• Work instruction
Find the line in the entries below that contains "50$ dollars, Hiram". Repeat it exactly, and every line after it through the line that contains "3840x2160 Muhammad Ali".

Items listed in a dataset:
-=-=-=-=-

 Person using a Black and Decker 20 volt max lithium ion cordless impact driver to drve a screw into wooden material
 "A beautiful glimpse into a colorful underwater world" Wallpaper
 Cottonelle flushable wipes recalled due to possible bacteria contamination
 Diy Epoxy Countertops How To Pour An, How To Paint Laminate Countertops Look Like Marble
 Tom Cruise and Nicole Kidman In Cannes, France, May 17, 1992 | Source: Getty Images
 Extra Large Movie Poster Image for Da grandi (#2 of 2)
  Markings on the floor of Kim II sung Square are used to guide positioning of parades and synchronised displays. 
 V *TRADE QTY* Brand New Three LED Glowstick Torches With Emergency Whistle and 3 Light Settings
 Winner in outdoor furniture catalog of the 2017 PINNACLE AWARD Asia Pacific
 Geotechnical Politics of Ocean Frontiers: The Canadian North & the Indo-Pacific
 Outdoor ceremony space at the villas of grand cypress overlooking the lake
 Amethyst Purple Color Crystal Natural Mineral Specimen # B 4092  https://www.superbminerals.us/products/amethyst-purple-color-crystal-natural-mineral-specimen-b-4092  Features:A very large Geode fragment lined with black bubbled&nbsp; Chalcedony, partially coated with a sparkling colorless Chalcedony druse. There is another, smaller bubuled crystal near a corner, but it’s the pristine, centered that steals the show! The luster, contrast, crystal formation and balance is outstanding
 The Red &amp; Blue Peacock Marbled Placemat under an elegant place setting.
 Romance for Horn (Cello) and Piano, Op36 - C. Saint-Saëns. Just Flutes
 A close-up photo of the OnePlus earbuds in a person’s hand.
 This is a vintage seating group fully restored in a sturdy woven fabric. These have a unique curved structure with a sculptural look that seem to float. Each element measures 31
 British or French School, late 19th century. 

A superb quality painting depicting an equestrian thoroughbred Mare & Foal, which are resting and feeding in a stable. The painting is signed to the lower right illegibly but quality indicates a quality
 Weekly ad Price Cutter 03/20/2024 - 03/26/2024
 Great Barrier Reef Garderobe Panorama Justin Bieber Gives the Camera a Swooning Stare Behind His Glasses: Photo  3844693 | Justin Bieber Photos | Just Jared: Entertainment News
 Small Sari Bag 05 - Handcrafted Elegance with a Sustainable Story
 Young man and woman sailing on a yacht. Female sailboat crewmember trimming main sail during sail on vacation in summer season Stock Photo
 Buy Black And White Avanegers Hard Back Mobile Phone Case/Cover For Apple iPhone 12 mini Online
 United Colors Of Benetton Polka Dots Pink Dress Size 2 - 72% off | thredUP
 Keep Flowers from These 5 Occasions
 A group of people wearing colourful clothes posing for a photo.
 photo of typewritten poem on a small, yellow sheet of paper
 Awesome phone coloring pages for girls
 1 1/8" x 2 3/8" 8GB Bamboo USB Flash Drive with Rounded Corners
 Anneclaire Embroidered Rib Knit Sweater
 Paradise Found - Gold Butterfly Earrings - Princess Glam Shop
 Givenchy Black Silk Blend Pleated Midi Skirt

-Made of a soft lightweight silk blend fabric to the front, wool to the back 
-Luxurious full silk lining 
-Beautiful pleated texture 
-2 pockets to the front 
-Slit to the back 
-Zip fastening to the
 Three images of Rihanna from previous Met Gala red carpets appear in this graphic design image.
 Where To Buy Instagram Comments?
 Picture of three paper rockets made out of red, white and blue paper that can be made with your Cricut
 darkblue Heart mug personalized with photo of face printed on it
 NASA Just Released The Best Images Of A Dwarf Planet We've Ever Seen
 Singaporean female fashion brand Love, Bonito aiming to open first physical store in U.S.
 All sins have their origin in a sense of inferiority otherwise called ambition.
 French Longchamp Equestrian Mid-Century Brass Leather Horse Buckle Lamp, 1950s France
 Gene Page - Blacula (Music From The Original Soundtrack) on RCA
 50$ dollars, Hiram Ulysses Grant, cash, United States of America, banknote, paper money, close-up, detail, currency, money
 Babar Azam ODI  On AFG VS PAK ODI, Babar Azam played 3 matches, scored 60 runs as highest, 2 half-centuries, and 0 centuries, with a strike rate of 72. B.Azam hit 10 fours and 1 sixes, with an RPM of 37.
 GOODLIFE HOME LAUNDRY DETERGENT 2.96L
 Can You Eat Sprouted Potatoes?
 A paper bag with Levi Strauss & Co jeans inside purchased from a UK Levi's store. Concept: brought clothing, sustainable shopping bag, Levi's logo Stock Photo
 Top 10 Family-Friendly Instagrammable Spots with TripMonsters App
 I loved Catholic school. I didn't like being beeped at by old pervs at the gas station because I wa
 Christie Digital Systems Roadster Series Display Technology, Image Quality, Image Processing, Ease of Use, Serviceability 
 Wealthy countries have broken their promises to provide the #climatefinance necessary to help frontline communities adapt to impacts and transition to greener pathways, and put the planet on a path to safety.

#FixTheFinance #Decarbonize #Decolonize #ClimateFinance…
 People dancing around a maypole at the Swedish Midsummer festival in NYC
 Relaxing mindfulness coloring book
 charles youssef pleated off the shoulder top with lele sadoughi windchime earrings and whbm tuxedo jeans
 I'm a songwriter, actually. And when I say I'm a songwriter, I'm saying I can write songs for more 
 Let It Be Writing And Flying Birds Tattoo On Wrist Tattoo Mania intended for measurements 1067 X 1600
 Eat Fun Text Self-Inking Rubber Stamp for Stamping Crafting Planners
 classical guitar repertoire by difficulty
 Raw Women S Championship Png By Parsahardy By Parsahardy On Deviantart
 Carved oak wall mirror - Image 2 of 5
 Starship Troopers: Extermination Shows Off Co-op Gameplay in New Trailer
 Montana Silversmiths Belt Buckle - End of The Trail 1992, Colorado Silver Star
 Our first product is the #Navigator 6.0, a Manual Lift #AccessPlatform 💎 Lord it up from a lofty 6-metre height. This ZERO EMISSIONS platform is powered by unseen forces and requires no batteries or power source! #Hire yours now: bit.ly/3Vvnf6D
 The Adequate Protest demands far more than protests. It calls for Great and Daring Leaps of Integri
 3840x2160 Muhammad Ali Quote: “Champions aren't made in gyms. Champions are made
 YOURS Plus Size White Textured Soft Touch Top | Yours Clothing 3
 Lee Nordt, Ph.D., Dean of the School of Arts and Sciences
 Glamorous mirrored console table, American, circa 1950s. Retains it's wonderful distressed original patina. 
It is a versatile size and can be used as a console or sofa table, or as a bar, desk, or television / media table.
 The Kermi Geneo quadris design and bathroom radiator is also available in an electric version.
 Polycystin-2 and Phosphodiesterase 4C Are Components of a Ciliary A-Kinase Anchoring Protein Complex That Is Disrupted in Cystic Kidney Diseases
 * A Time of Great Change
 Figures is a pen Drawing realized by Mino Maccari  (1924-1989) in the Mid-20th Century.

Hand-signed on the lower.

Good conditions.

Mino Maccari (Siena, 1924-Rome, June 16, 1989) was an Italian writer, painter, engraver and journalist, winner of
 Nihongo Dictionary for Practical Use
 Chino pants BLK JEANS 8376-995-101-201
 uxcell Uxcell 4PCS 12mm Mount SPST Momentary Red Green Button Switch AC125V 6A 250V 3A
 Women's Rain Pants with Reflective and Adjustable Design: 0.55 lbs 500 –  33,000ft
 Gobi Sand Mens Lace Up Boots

-=-=-=-=-

• Response for this exercise
 50$ dollars, Hiram Ulysses Grant, cash, United States of America, banknote, paper money, close-up, detail, currency, money
 Babar Azam ODI  On AFG VS PAK ODI, Babar Azam played 3 matches, scored 60 runs as highest, 2 half-centuries, and 0 centuries, with a strike rate of 72. B.Azam hit 10 fours and 1 sixes, with an RPM of 37.
 GOODLIFE HOME LAUNDRY DETERGENT 2.96L
 Can You Eat Sprouted Potatoes?
 A paper bag with Levi Strauss & Co jeans inside purchased from a UK Levi's store. Concept: brought clothing, sustainable shopping bag, Levi's logo Stock Photo
 Top 10 Family-Friendly Instagrammable Spots with TripMonsters App
 I loved Catholic school. I didn't like being beeped at by old pervs at the gas station because I wa
 Christie Digital Systems Roadster Series Display Technology, Image Quality, Image Processing, Ease of Use, Serviceability 
 Wealthy countries have broken their promises to provide the #climatefinance necessary to help frontline communities adapt to impacts and transition to greener pathways, and put the planet on a path to safety.

#FixTheFinance #Decarbonize #Decolonize #ClimateFinance…
 People dancing around a maypole at the Swedish Midsummer festival in NYC
 Relaxing mindfulness coloring book
 charles youssef pleated off the shoulder top with lele sadoughi windchime earrings and whbm tuxedo jeans
 I'm a songwriter, actually. And when I say I'm a songwriter, I'm saying I can write songs for more 
 Let It Be Writing And Flying Birds Tattoo On Wrist Tattoo Mania intended for measurements 1067 X 1600
 Eat Fun Text Self-Inking Rubber Stamp for Stamping Crafting Planners
 classical guitar repertoire by difficulty
 Raw Women S Championship Png By Parsahardy By Parsahardy On Deviantart
 Carved oak wall mirror - Image 2 of 5
 Starship Troopers: Extermination Shows Off Co-op Gameplay in New Trailer
 Montana Silversmiths Belt Buckle - End of The Trail 1992, Colorado Silver Star
 Our first product is the #Navigator 6.0, a Manual Lift #AccessPlatform 💎 Lord it up from a lofty 6-metre height. This ZERO EMISSIONS platform is powered by unseen forces and requires no batteries or power source! #Hire yours now: bit.ly/3Vvnf6D
 The Adequate Protest demands far more than protests. It calls for Great and Daring Leaps of Integri
 3840x2160 Muhammad Ali Quote: “Champions aren't made in gyms. Champions are made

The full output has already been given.